> **ASSIGNMENT**
Give back every line of the data below exactly.

> **MATERIAL PROVIDED**
=== Section Start ===

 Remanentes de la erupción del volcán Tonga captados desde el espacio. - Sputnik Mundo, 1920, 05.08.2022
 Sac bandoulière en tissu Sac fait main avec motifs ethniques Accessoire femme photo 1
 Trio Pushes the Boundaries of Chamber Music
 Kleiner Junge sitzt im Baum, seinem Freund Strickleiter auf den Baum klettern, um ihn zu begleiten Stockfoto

=== Section End ===

> **ANSWER SPACE**
 Remanentes de la erupción del volcán Tonga captados desde el espacio. - Sputnik Mundo, 1920, 05.08.2022
 Sac bandoulière en tissu Sac fait main avec motifs ethniques Accessoire femme photo 1
 Trio Pushes the Boundaries of Chamber Music
 Kleiner Junge sitzt im Baum, seinem Freund Strickleiter auf den Baum klettern, um ihn zu begleiten Stockfoto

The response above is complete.